BFT (business flow tampering) is a serious issue. Most of the digital content services (Amazon, Netflix, etc) implements one of the following business model:
- advertising: content providers earn revenue from advertisers, which are often protected by anti-adblocker
- subscription: paywalls are used
- donation: from the user
- non-profit model (Wikipedia)
BFT Detector implementation
Dynamic execution and trace collection Dynamic execution trace (e.g., functions name, execution paths) are collected by exercising business processes according to the business model. The output includes:
- call traces: caller function, function call statement, callstacks
- execution result snapshots, which are essentially screenshots and HTML/DOM data (this will be used in the testing phase).
To support this step, the V8 JS engine has been modified to modify the runtime execution of JavaScript
Call Trace Differential Analysis Given the collected call traces of the passing1 and blocking2 runs, we perform a differential analysis to identify a divergence point representing the critical decision-making point in the business model.
- A divergence point is a point from which you can distinguish between a path leading to the desired business flow and a path bypassing the execution of the regular flow
In the following example, user.isSubscribed
is a divergence point. Tampering this condition may result in access to premium content:
if (user.isSubscribed) {
showPremiumContent()
} else {
redirectToSubscribePage()
}
The divergences points are automatically detected with the following algorithm:
- execution traces are collected two times, one for the passing run and one for the blocking run. The definition of these runs is based on common implementation of the business models
- Caller, callee and several callstack are used to create a map of the functions called in sequence to get to the current execution point
- this map is called call signature
- the algorithm then identify the intersection of the call signatures between passing run and blocking run. The intersection is considered to isolate the code that is relevant to the business model
- the intersection is the set of the call signatures that are in common
- then, unique call signatures for both passing and blocking runs are detected. A unique call signature occur in a run and not in the other
- common call signatures and unique call signatures are matched
- a divergence point occur when:
- a function is a callee of a common call signature
- the same function is a caller of a unique call signature
- the callstack before the divergence is the same
In other words, a divergence point is a point after which the execution flow of two similar traces changes significantly
Example
Let’s consider the LA Times example:
- The passing run occur when the user views an article without an adblocker
- The blocking run occur when the user views the same page with an adblocker enabled
The
Hf()
function that checks for adblocker is a divergence point, because it is present in both the passing and blocking runs, but then the blocking run continues by calling thea.j()
function that displays the adblocker detection message.
Test Input Generation We generate test inputs containing statements data to be mutated by using the call divergence points from the previous step.
BFT Testing Our system repeatedly visits the web page to mutate the execution according to the test inputs generated from the previous step.
Test Result Verification We measure whether our system successfully tampers with the business process by comparing snapshots from the test and the results from the original execution.
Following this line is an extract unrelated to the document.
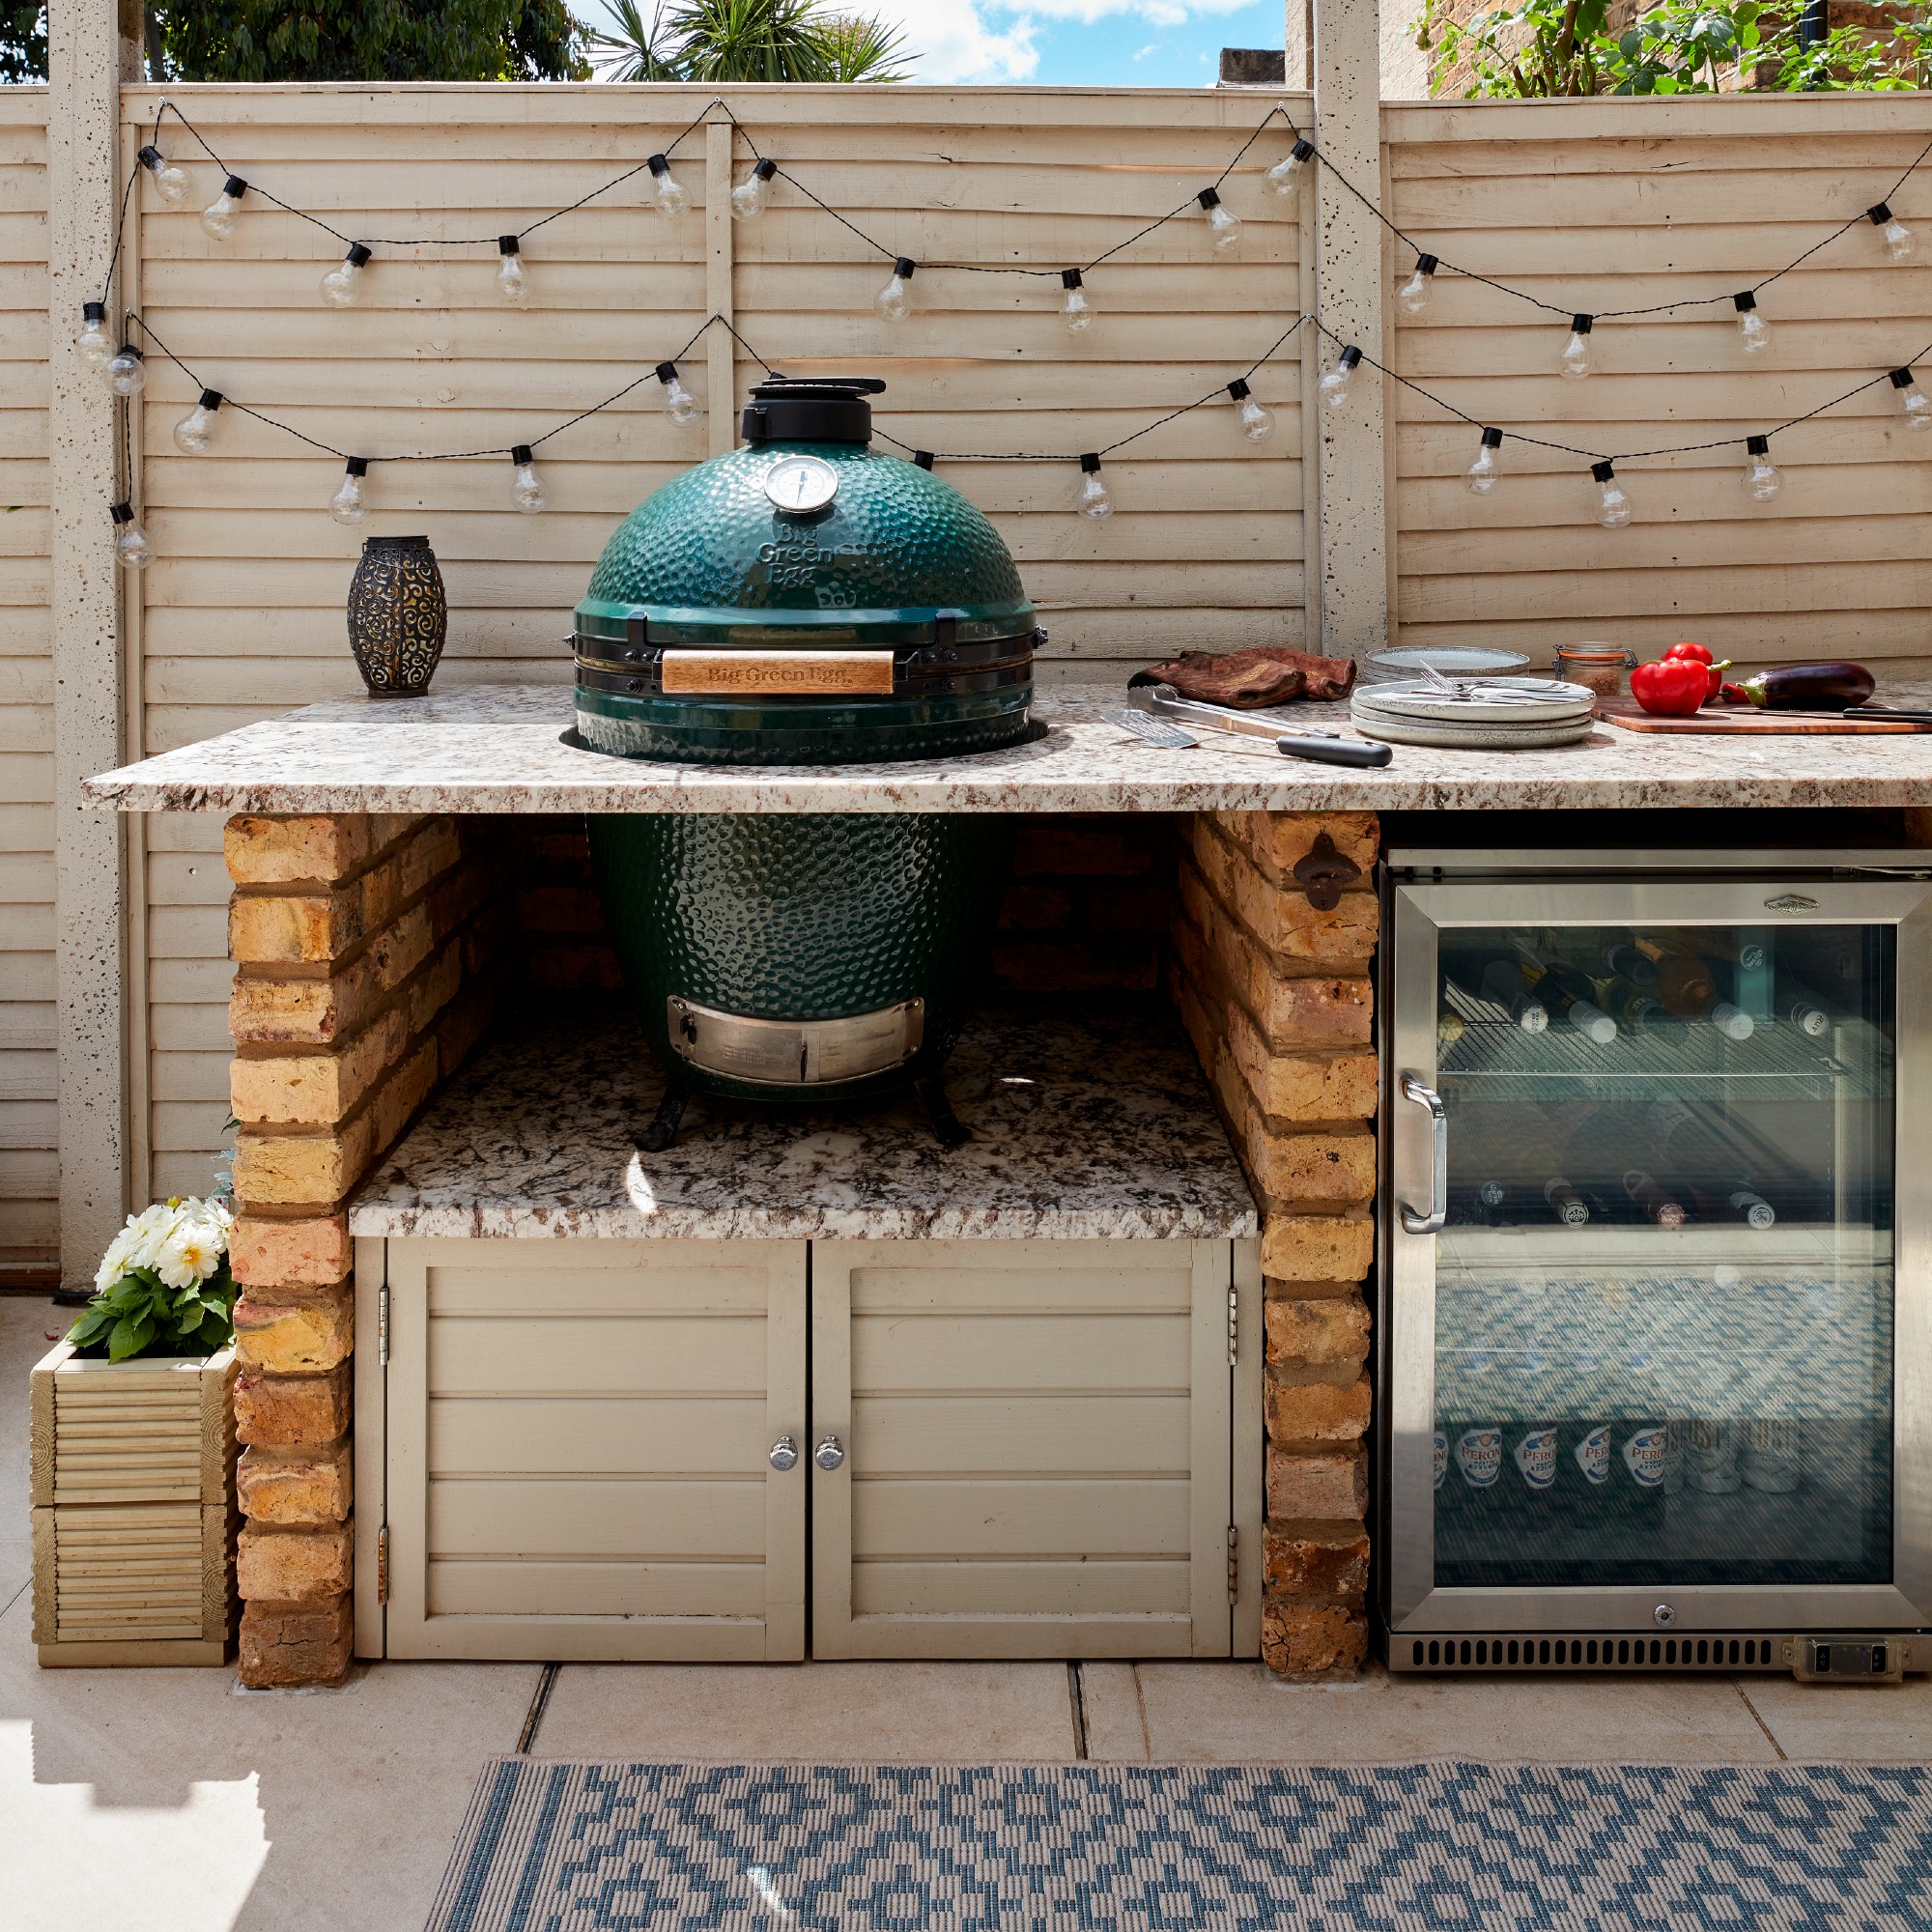 An outdoor kitchen on a patio with string lights decorating the fence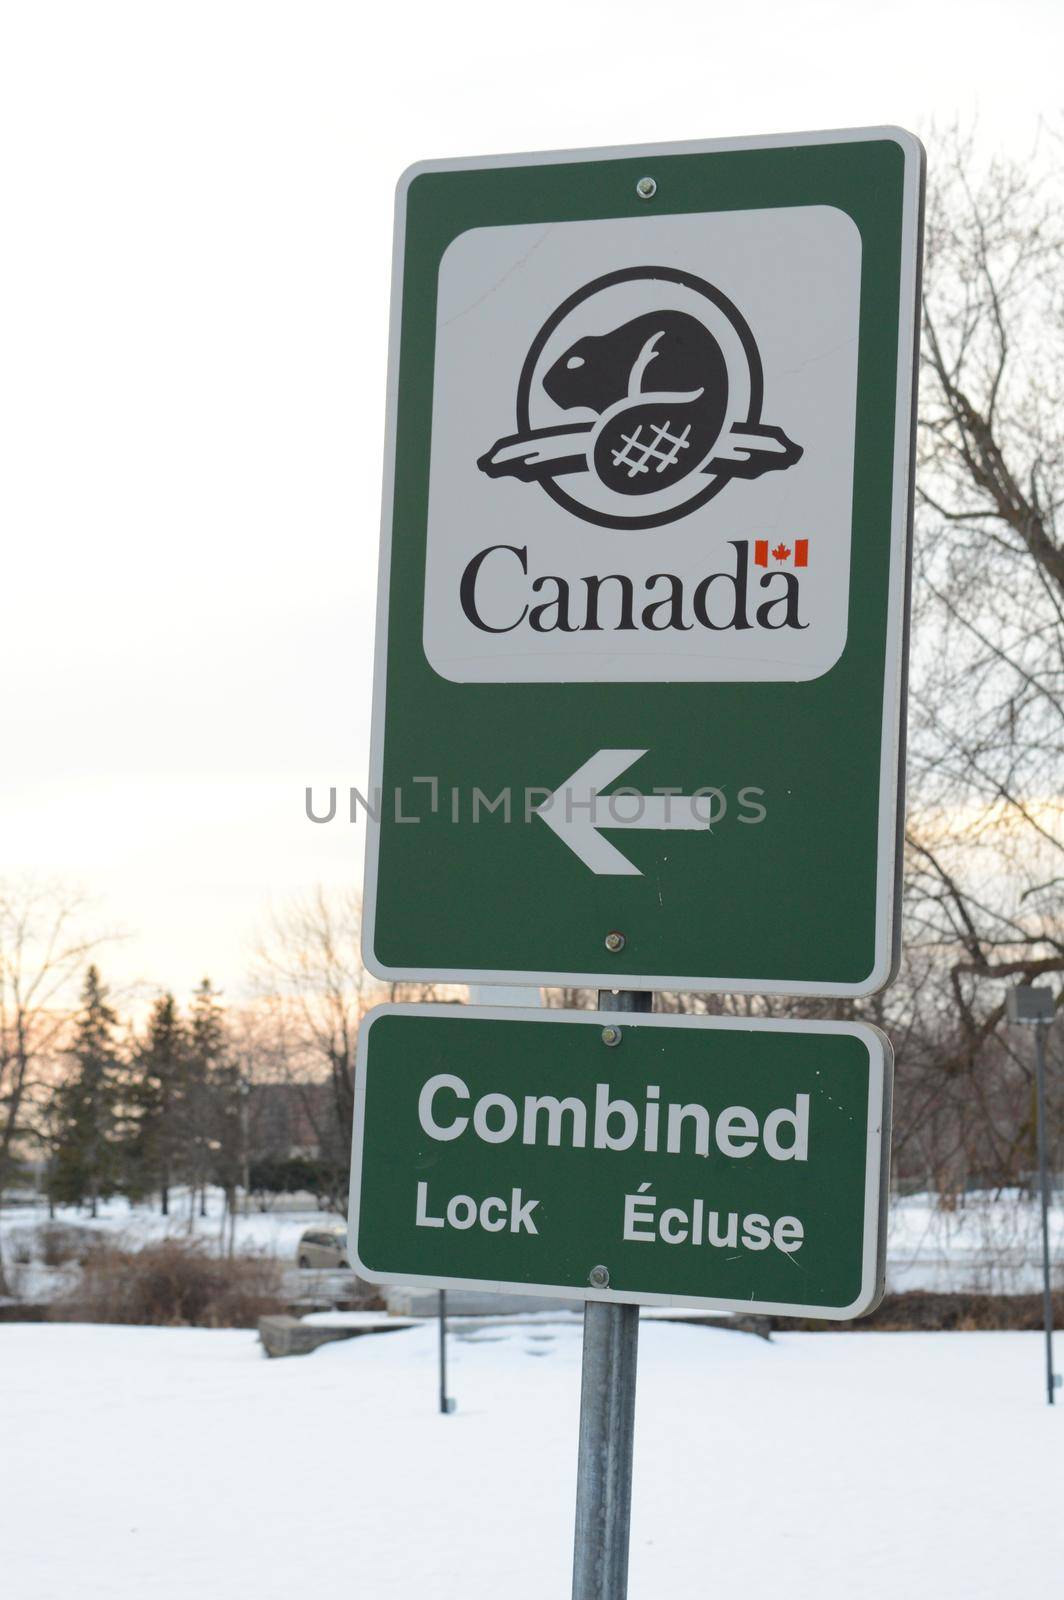 SMITHS FALLS, ONTARIO, CANADA, MARCH 10, 2021: A government of Canada signage for the combined lock ahead located at the heart of the Rideau Canal in Smiths Falls, Ontario.

A machine learning technique is used to calculate the degree of similarity between snapshots (BRF (Balance Random Forest) is used to balance the dataset)
352 real-world digital content service providers were tested, and 315 flaws were found.
Limits and shortcomings
During the test result verification phase, it is worth noting that:
- most of the text executions led to crashes, because undefined objects were accessed or functions were invoked with the wrong parameters
- the system does not consider BFT flaws due to multiple mutations of the client-side codebase
- does not work well in detecting flaws in large and complex codebases (+7100 functions)